Haha, nope the coaster just rests on the window cill 



Ernie Pulchny said:


> I've done this stuff before too. I used collect different Knex sets(mostly the roller coaster sets) before I got into cubing. However, I ended up quitting it for 2 years when cubing took up my time. Now I'm currently building a roller coaster in my basement, thanks to nostalgia.


 
Awesome. pm me a pic or two of it?  



Bapao said:


> *imagines what micronexer could make out of Lego and mentally drifts off topic...*


 
I barely own any Lego, for me it's K'Nex all the way ^_^


----------



## Bapao (Apr 10, 2012)

> *I barely own any Lego*, for me it's K'Nex all the way ^_^



*sheds a tear or two*

Good stuff though. Well done


----------



## Ickathu (Apr 10, 2012)

micronexer said:


> I barely own any Lego, for me it's K'Nex all the way ^_^


 
How dare you? 
I have _loads_ of legos. Honestly, I probably have 1m+ pieces.


----------



## emolover (Apr 10, 2012)

Ickathu said:


> I have _loads_ of legos. Honestly, I probably have *1m+* pieces.


 
One million? 

I call bull****.


----------



## Bapao (Apr 10, 2012)

> emolover: One million?
> 
> I call bull****.


 
Wouldn't be too sure about that luv, although 1m is a big call though...I own around about 30,000 pieces and that sh*t weighs 40kg. *1m* is probably best stashed on the ground floor if anything...


----------



## apoplectic (Apr 11, 2012)

I was never much for knex, I was a lego kid.

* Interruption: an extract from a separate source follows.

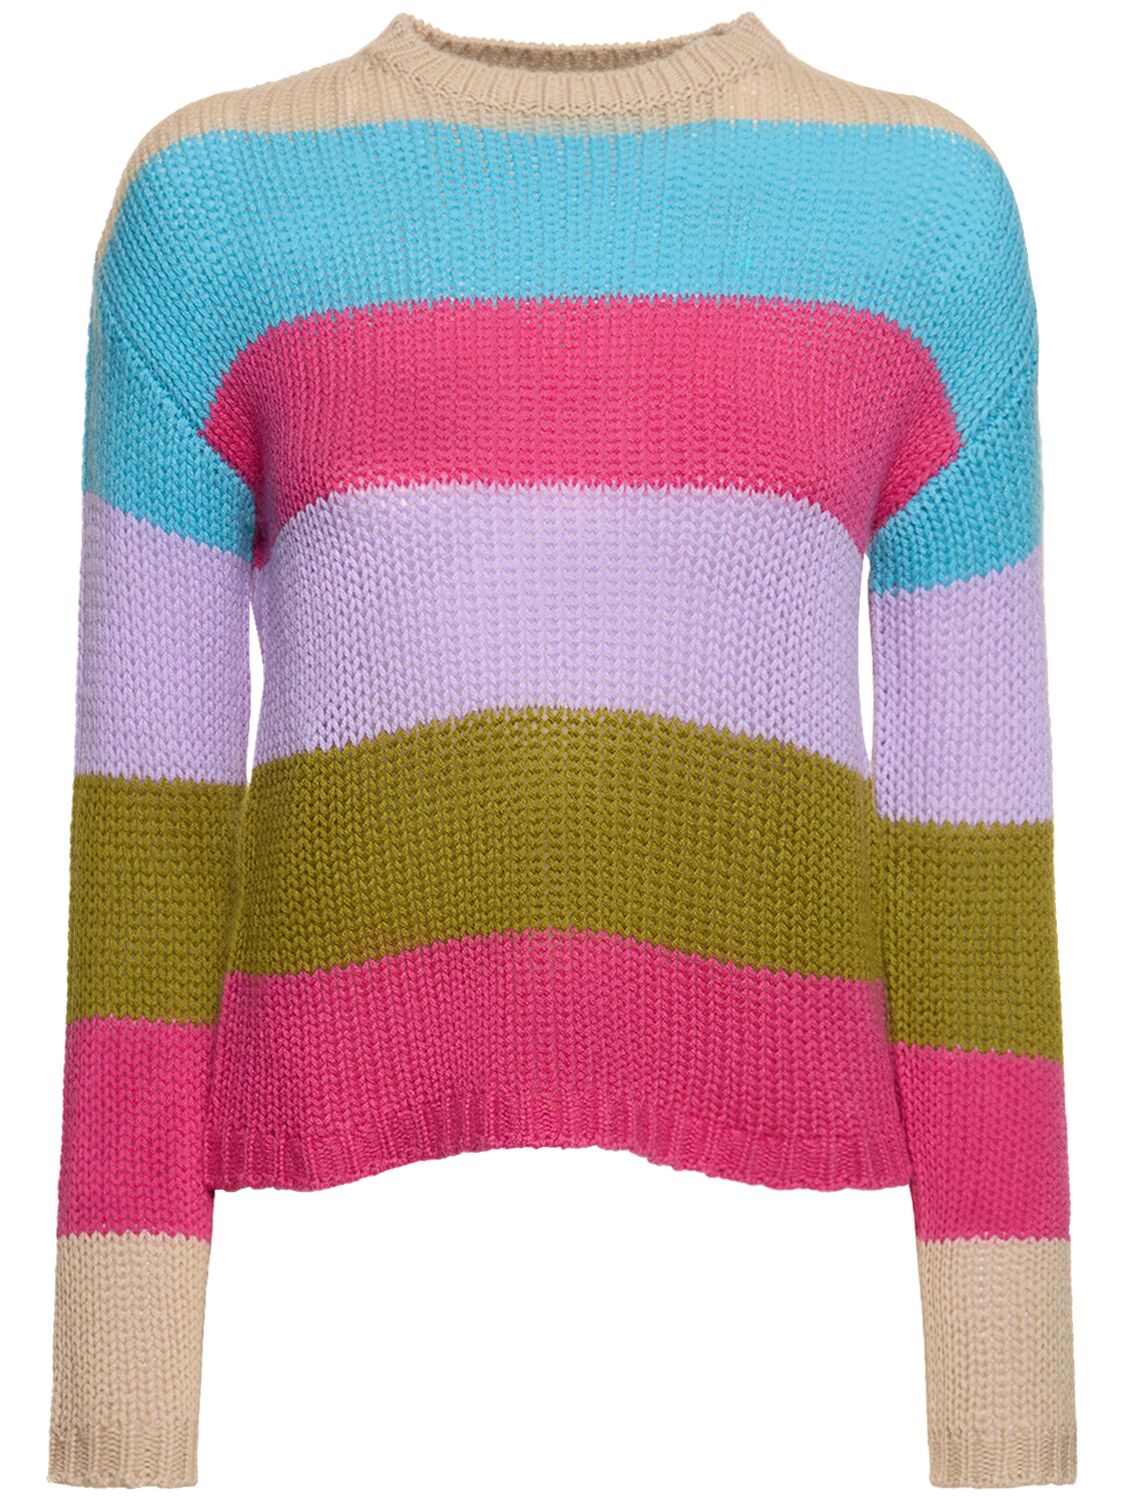 Image of Palco Striped Cashmere Knit Sweater
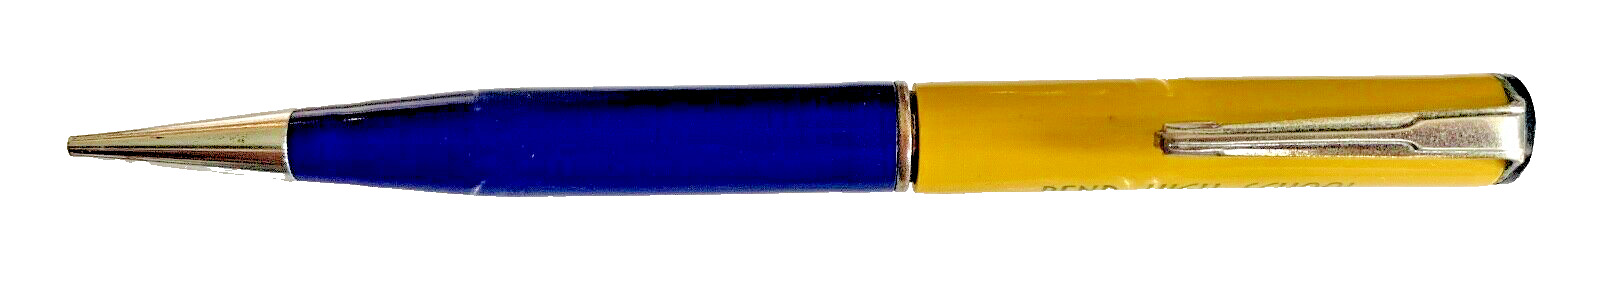 VINTAGE RITEPOINT ADVERTISING MECHANICAL PENCIL, BLUE / YELLOW & CHROME, 1950'S

I got rid of all of them, but I'm starting to collect the architecture models now. I've got the Space Needle, Empire State Building, and Rockafeller Center. I am also trying to track down a red biplane I had when I was a kid back in the late 90's.


----------



## micronexer (Apr 11, 2012)

I'm gonna do some more work on the coaster in the morning, then I should have an update for you guys!


----------